→ Work instruction:
Since pictures are not wanted in the copy, output only the rest of each record exactly.

Stored items:
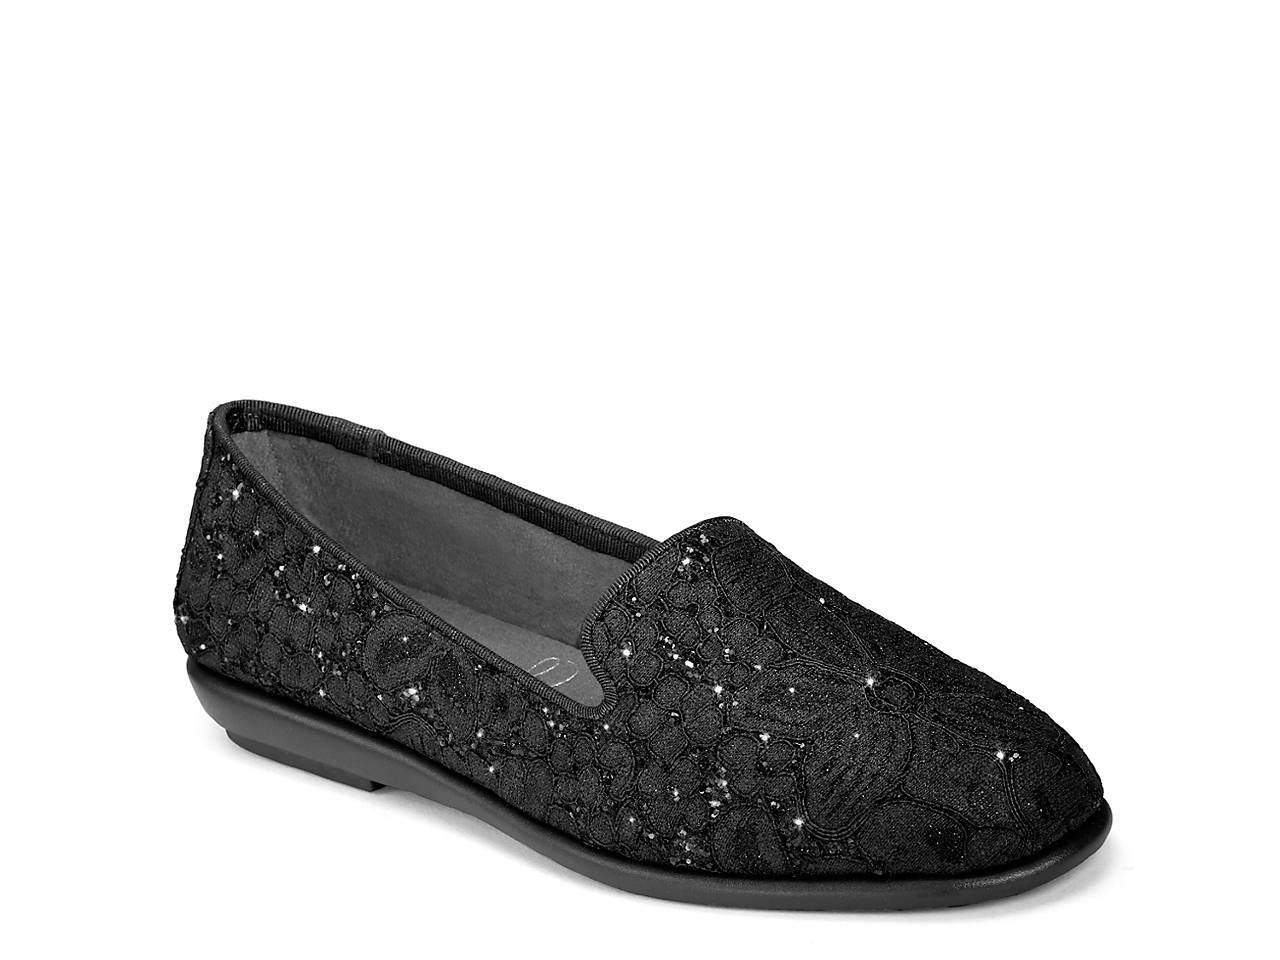 2f96d002da8 Aerosoles Betunia Loafer Women s Shoes
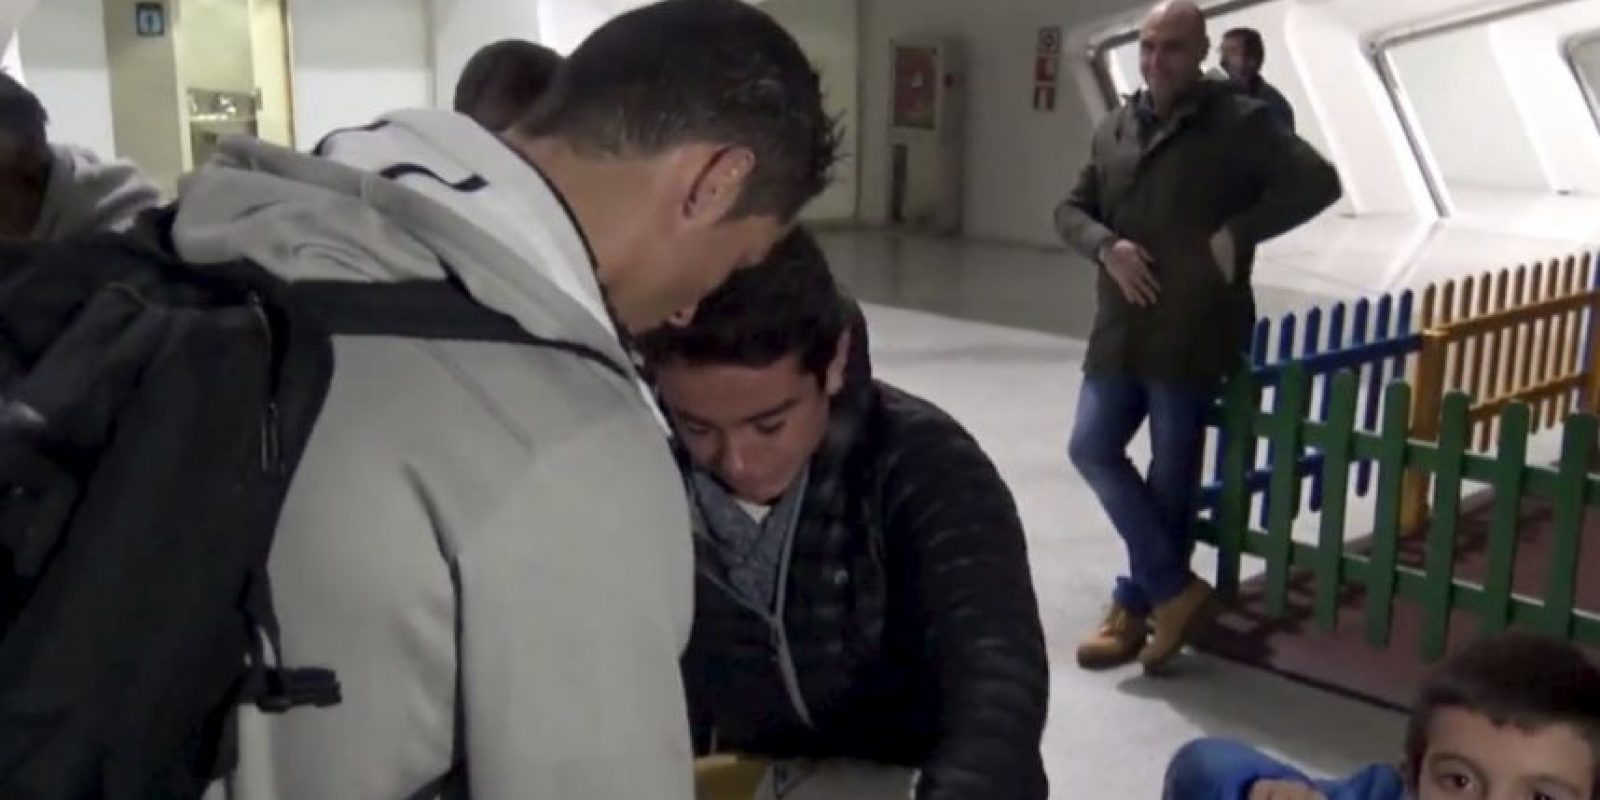 El futbolista portugués se detuvo para firmarle la camiseta. Foto:twitter.com/realmadrid
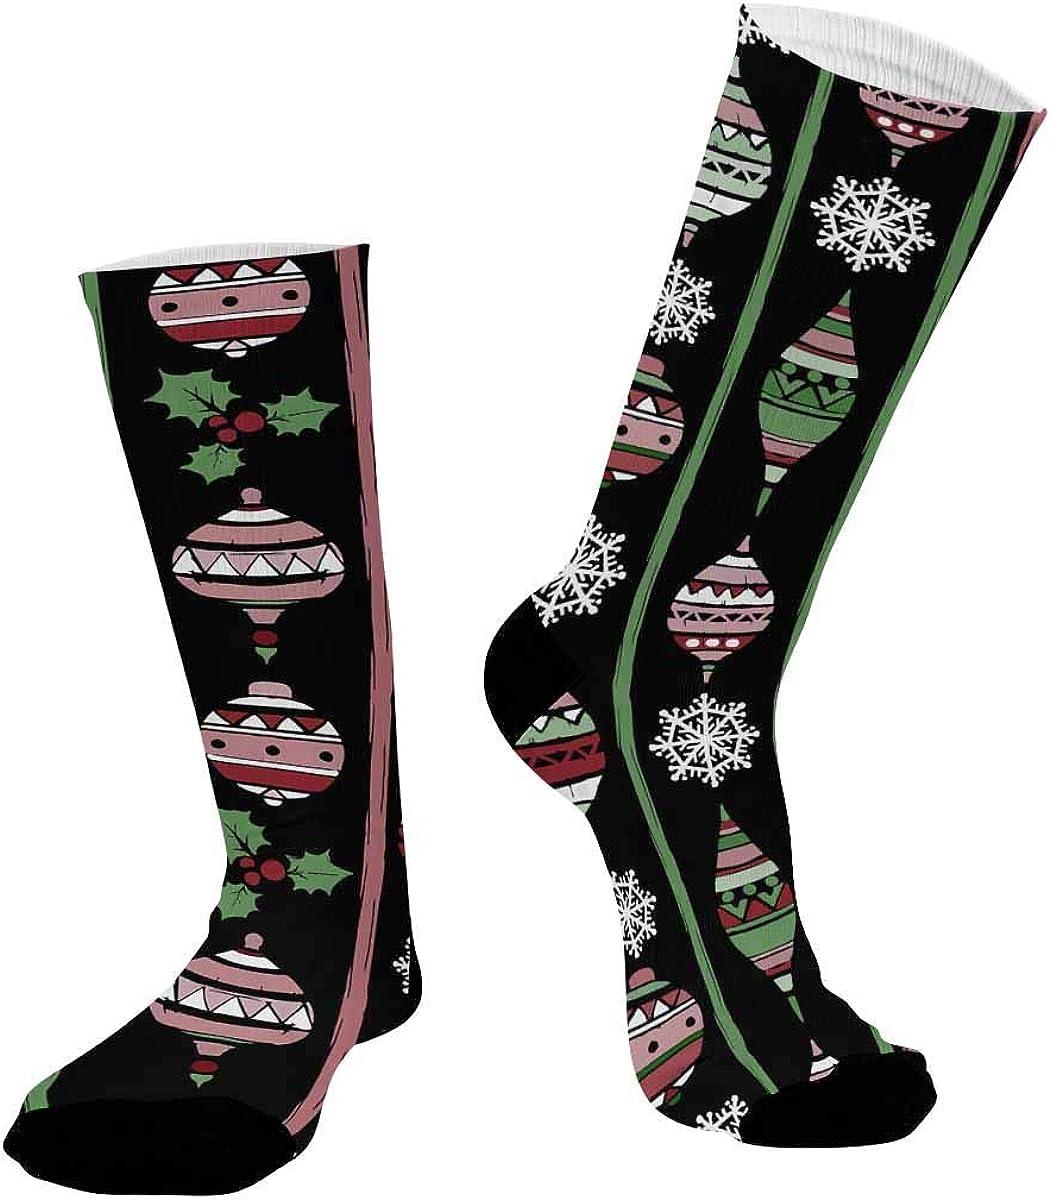 INTERESTPRINT Unisex Outdoor Sports Athletic Hiking Socks Holidays Vintage Christmas
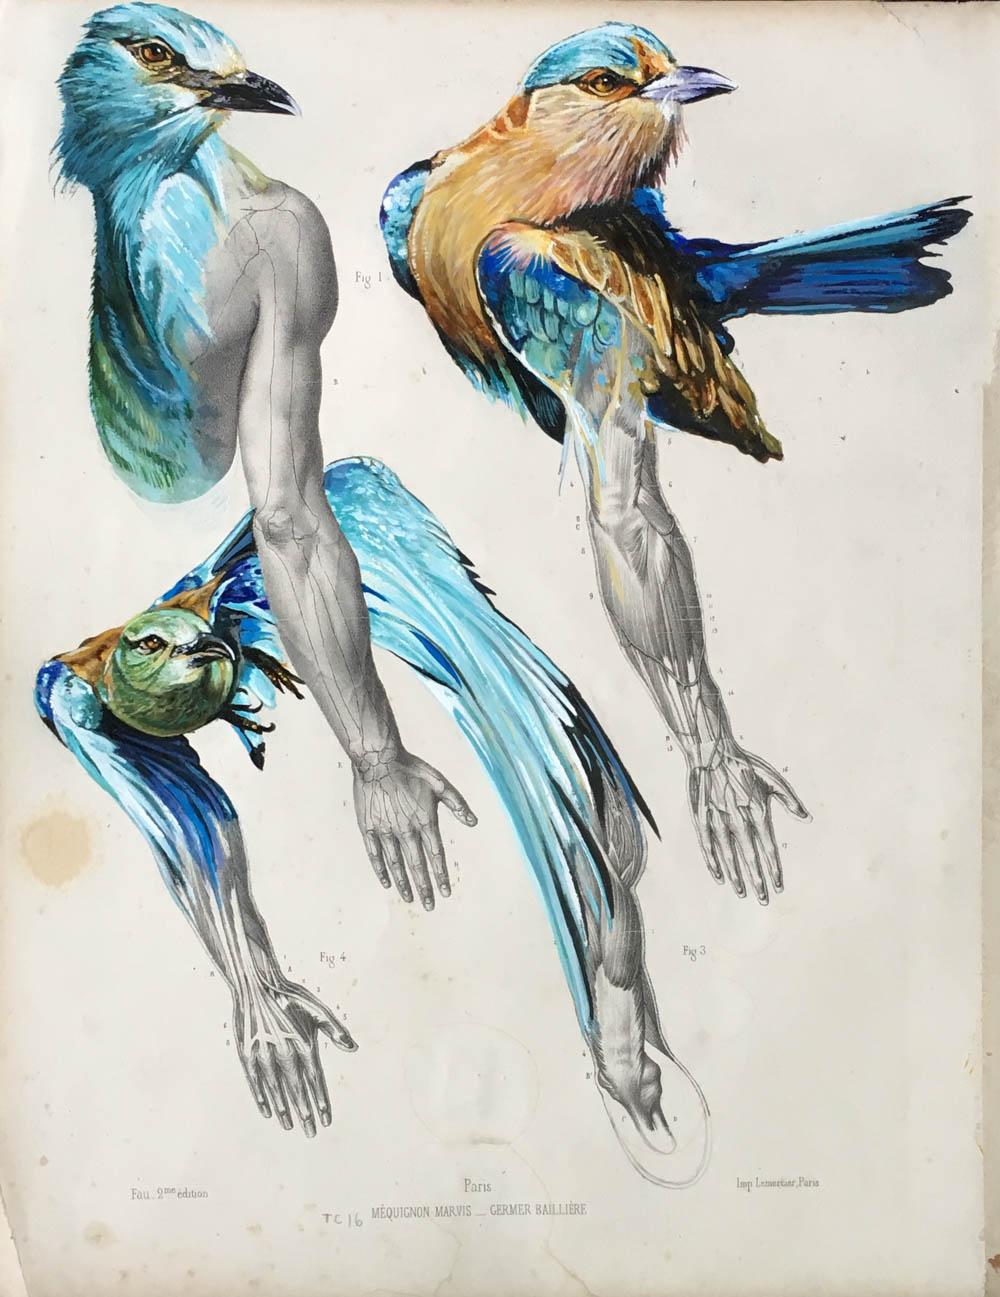 Artist Spotlight: Danish Painter Troels Carlsen
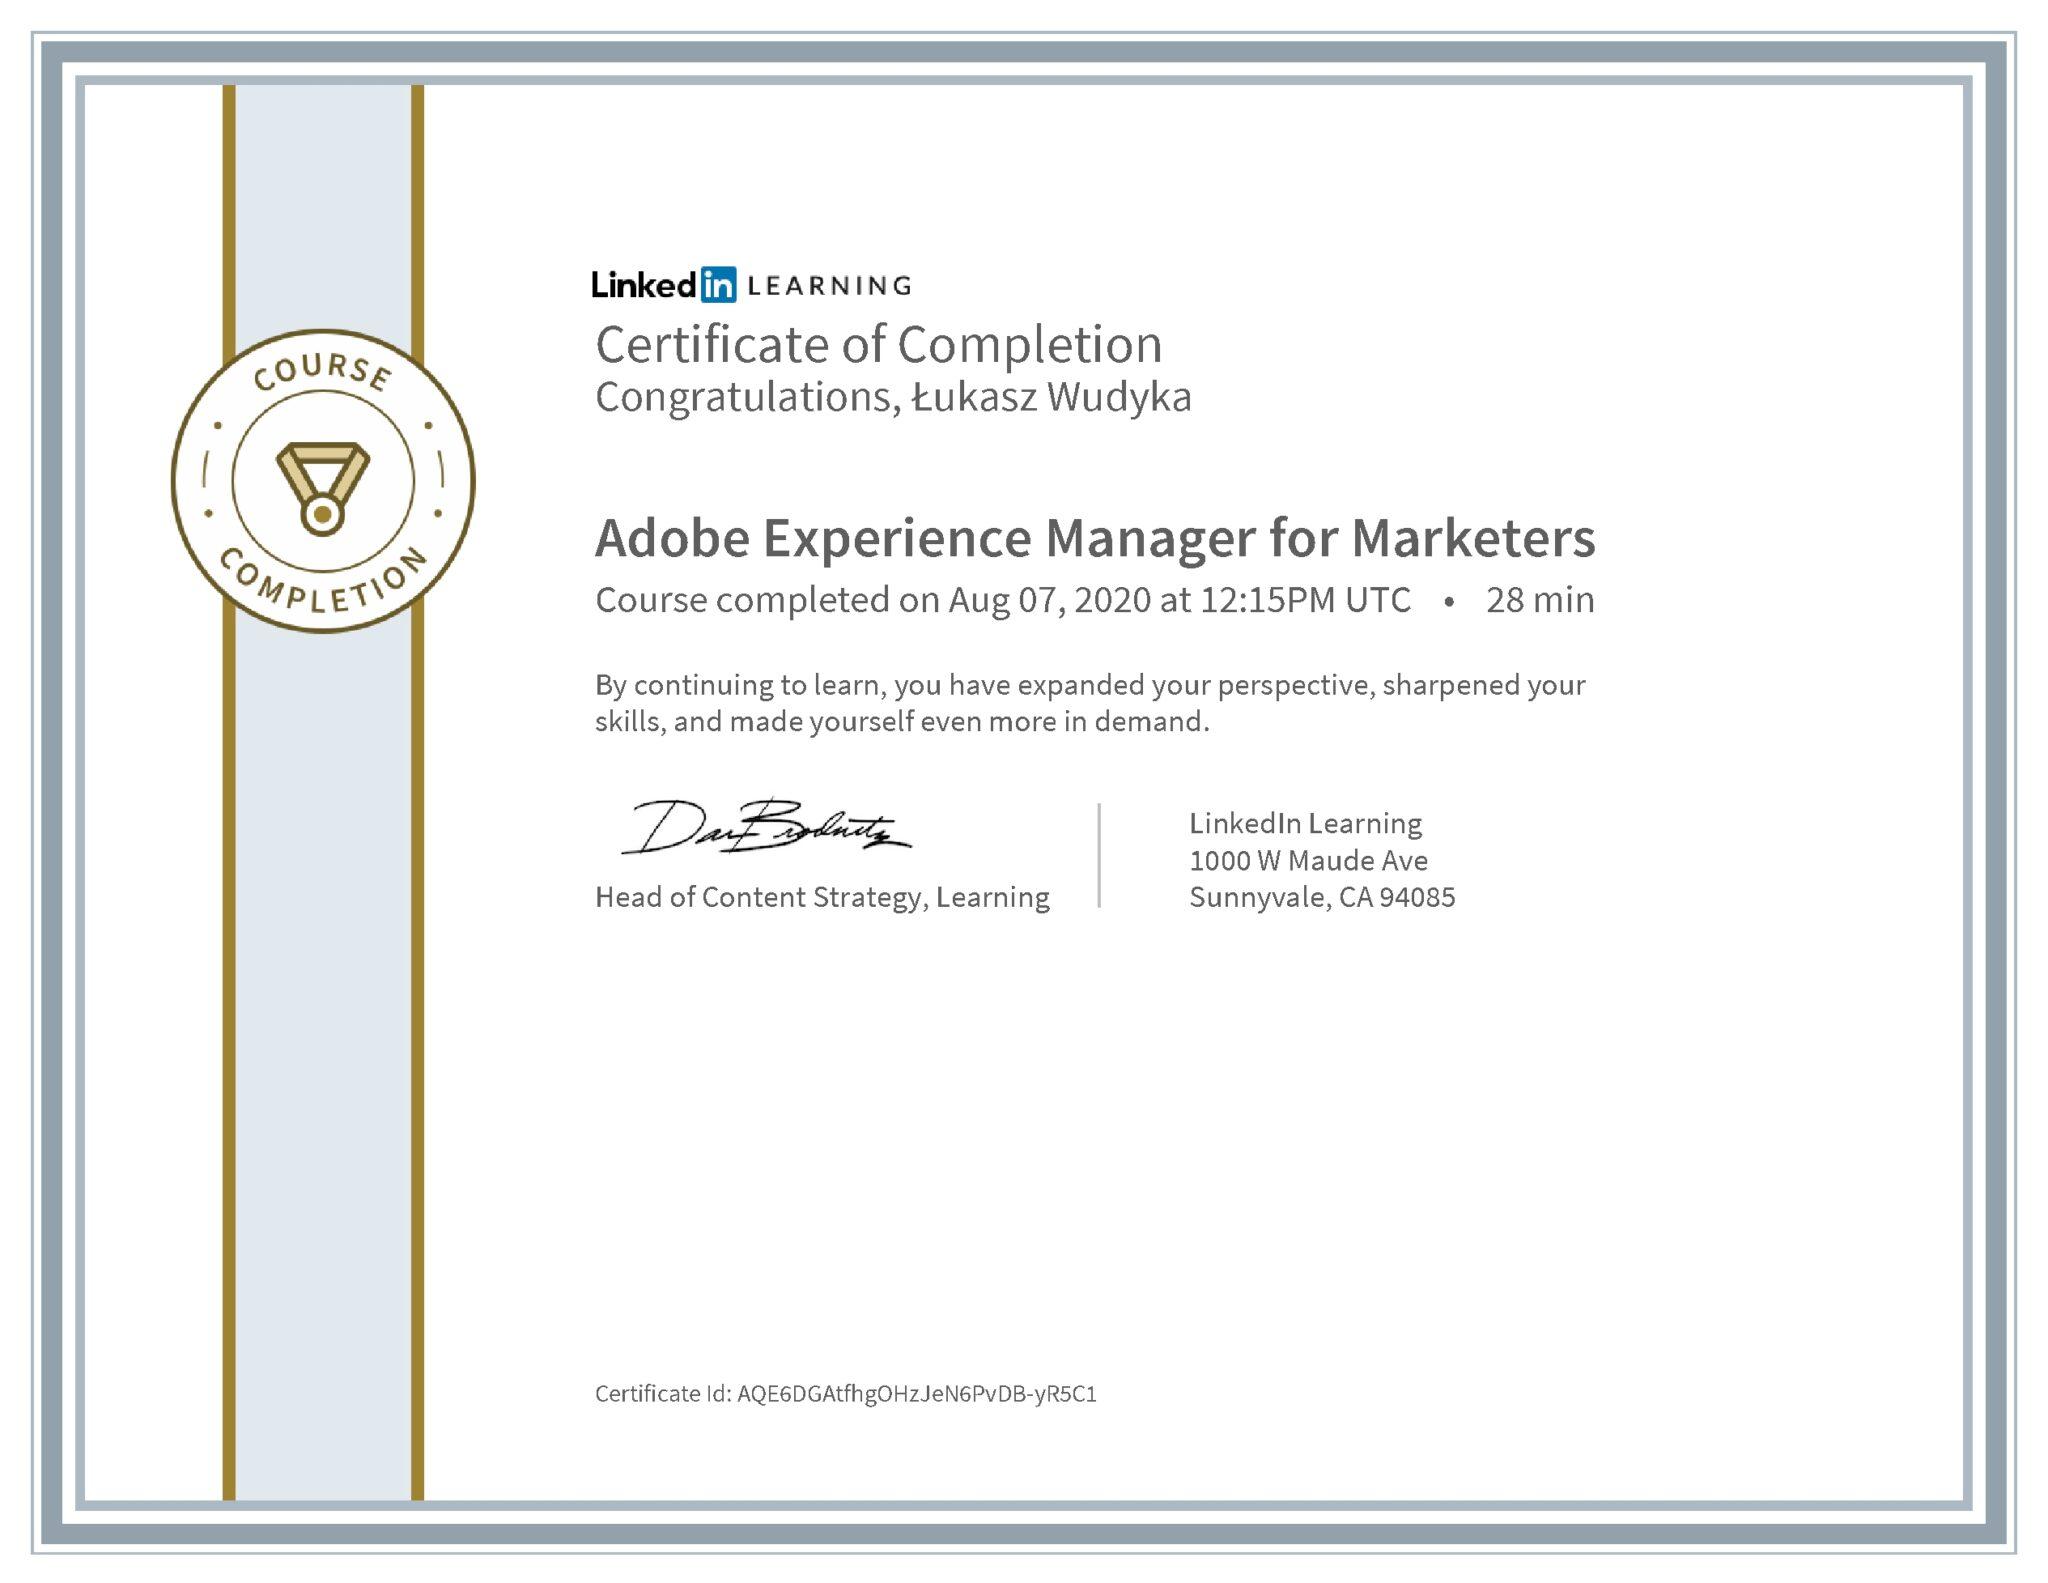 Łukasz Wudyka certyfikat LinkedIn Adobe Experience Manager for Marketers

→ Worked solution:
 2f96d002da8 Aerosoles Betunia Loafer Women s Shoes
 El futbolista portugués se detuvo para firmarle la camiseta. Foto:twitter.com/realmadrid
 INTERESTPRINT Unisex Outdoor Sports Athletic Hiking Socks Holidays Vintage Christmas
 Artist Spotlight: Danish Painter Troels Carlsen
 Łukasz Wudyka certyfikat LinkedIn Adobe Experience Manager for Marketers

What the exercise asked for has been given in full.